5 minute read
This Should Be Me
The sound of bleating lambs and shuffling footsteps filled the temple. With three trumpet blasts, the priests announced the start of the Passover sacrifices. Worshippers responded to the priests’ psalms with “Hallelujahs” as each man offered his household’s sacrifice to God. As the disciple John raised the knife to the throat of the lamb he’d brought, he thought, “This should be me.” With one quick motion of his hand, the lamb’s bleating stopped, and John watched its blood drain into the bowl held by the priest. The priest emptied the bowl at the base of the altar, adding to the smell of blood that hung in the air.
Christ’s Final Passover
Why did a lamb have to be sacrificed on Passover? The Jewish feast was meant to remember and retell the story of Israel’s Exodus from Egypt. The lamb sacrificed that afternoon became the main course of the Passover meal, representing the price paid for the protection of Israel and their redemption from Egypt. God had “passed over” the homes of those Hebrews who had applied the lamb’s blood to their doorways (Exodus 12:12–27). With the lamb, the Jews also ate unleavened bread and bitter herbs, recalling the agony of bondage in Egypt and the food God provided for the Israelites during the Exodus (12:39). By partaking of the sacrificed lamb, the Hebrews not only remembered, they also retold the Passover story to others.
Yet on the night John partook of the Passover lamb with Jesus and the other disciples, things changed. Although Jewish custom prohibited eating anything after the Passover meal, Jesus broke sharply with tradition. He took bread, gave thanks, and said to His disciples, “Take and eat. This is My body” (see Mark 14:22). John partook with the rest, then Jesus took up the third of four cups of wine traditionally drunk at the Passover, the “cup of redemption.” To John’s surprise, their Rabbi said, “This is My blood of the covenant, which is poured out for many” (14:24 NASB1995). The traditional fourth cup—the “cup of consummation”—remaineduntouched. Jesus explained, “I will never again drink of the fruit of the vine until that day when I drink it new in the kingdom of God” (14:25).
In remembering and retelling the Hebrew Passover, Christ followed the requirements of the law, but He transformed and fulfilled the meaning of the lamb, the bread, and the wine. However, one thing remained the same: the need for a substitute as a sacrifice in place of the guilty sinner.
Christ Our Passover
The following day Jesus was brutalized and executed on a Roman cross. To those who watched, the murder seemed senseless, but from God’s perspective it completely paid the cost of redemption. Isaiah had prophesied that, like a lamb led to the slaughter, the Messiah would be pierced for our transgressions, and the punishment due us would fall upon Him (Isaiah 53:5–7). Paul said that Christ Himself is the Passover lamb, sacrificed for our sins (1 Corinthians 5:7). All who consider the sufferings of Jesus should be haunted by these four words: “This should be me.”
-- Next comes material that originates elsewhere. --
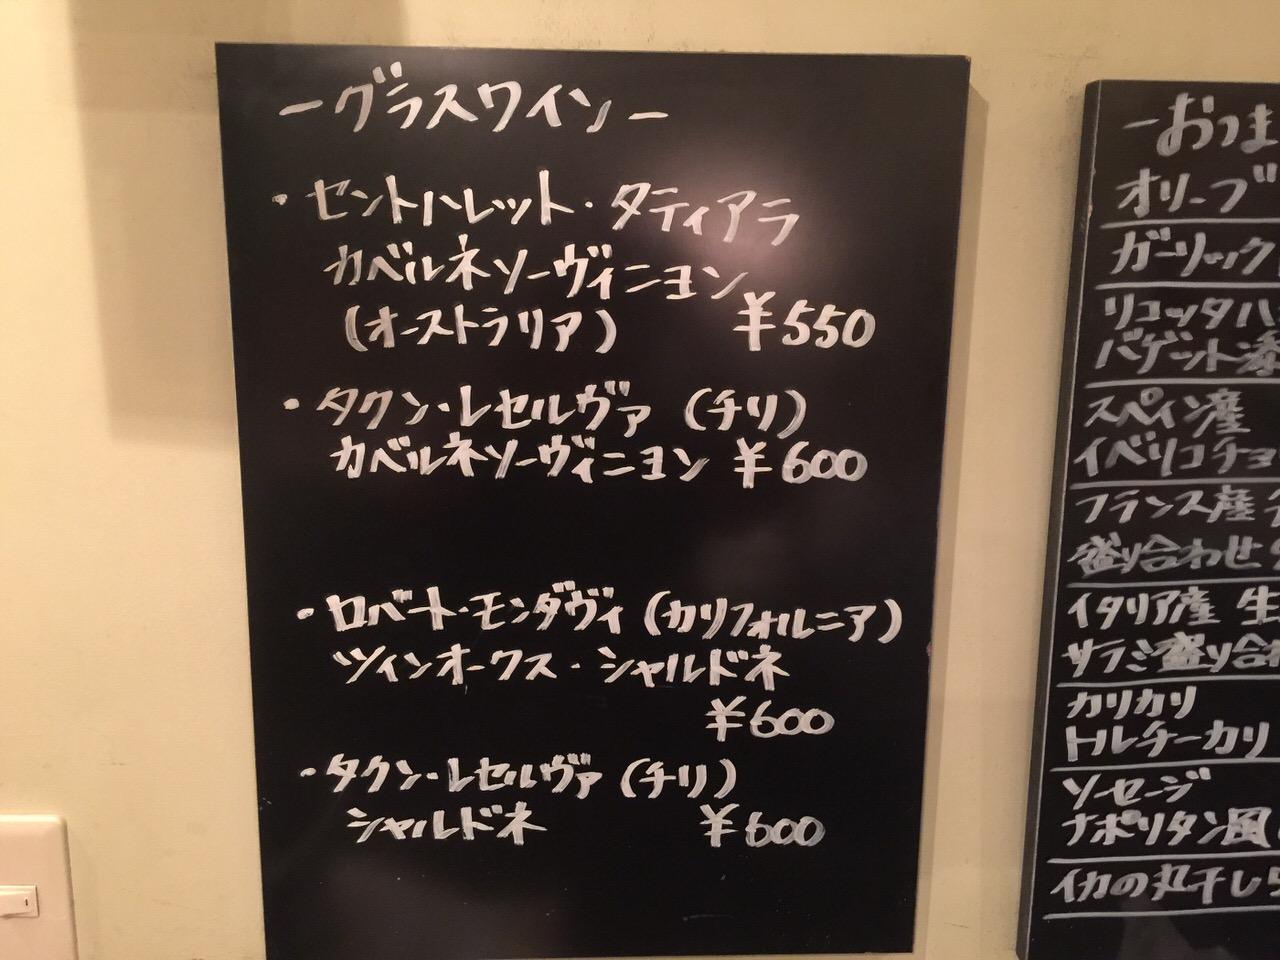 Fujii gotanda 8421

The Bible says that all have sinned and deserve one punishment: death. The blood, gore, stench, and wails of the animal sacrifices reminded Old Testament Israelites daily of the wages of sin and cost of redemption. But Paul told us the good news that comes through Christ, the sacrificial Passover Lamb who died to forgive all of our sins: “For the wages of sin is death, but the free gift of God is eternal life in Christ Jesus our Lord” (Romans 6:23).
Making Christ Your Passover
In the Old Testament remembering meant more than just thinking; it meant responding with specific actions. During this Easter season, how will you remember and retell Christ’s Passover story?
Perhaps your church has a special service of remembrance, partaking of the Lord’s Supper or retelling the story of Good Friday and Easter through music or drama. Maybe you have a special family tradition that centres on Christ and His final payment for sin as the spotless Lamb of God. There are many great opportunities for you to remember and retell the story through Scripture and discussion on specific days of Easter week.
Like the Hebrews during Passover, your own tangible expression of remembrance and retelling will focus your heart away from kitschy Easter eggs and pastel bunnies toward the cleansing blood of the Lamb, “for Christ our Passover...has been sacrificed” (1 Corinthians 5:7). This year, centre your thoughts and actions on the true meaning of the Hebrew Passover, applying the blood of Christ to the doorposts of your life with the proper attitude: “This should be me.”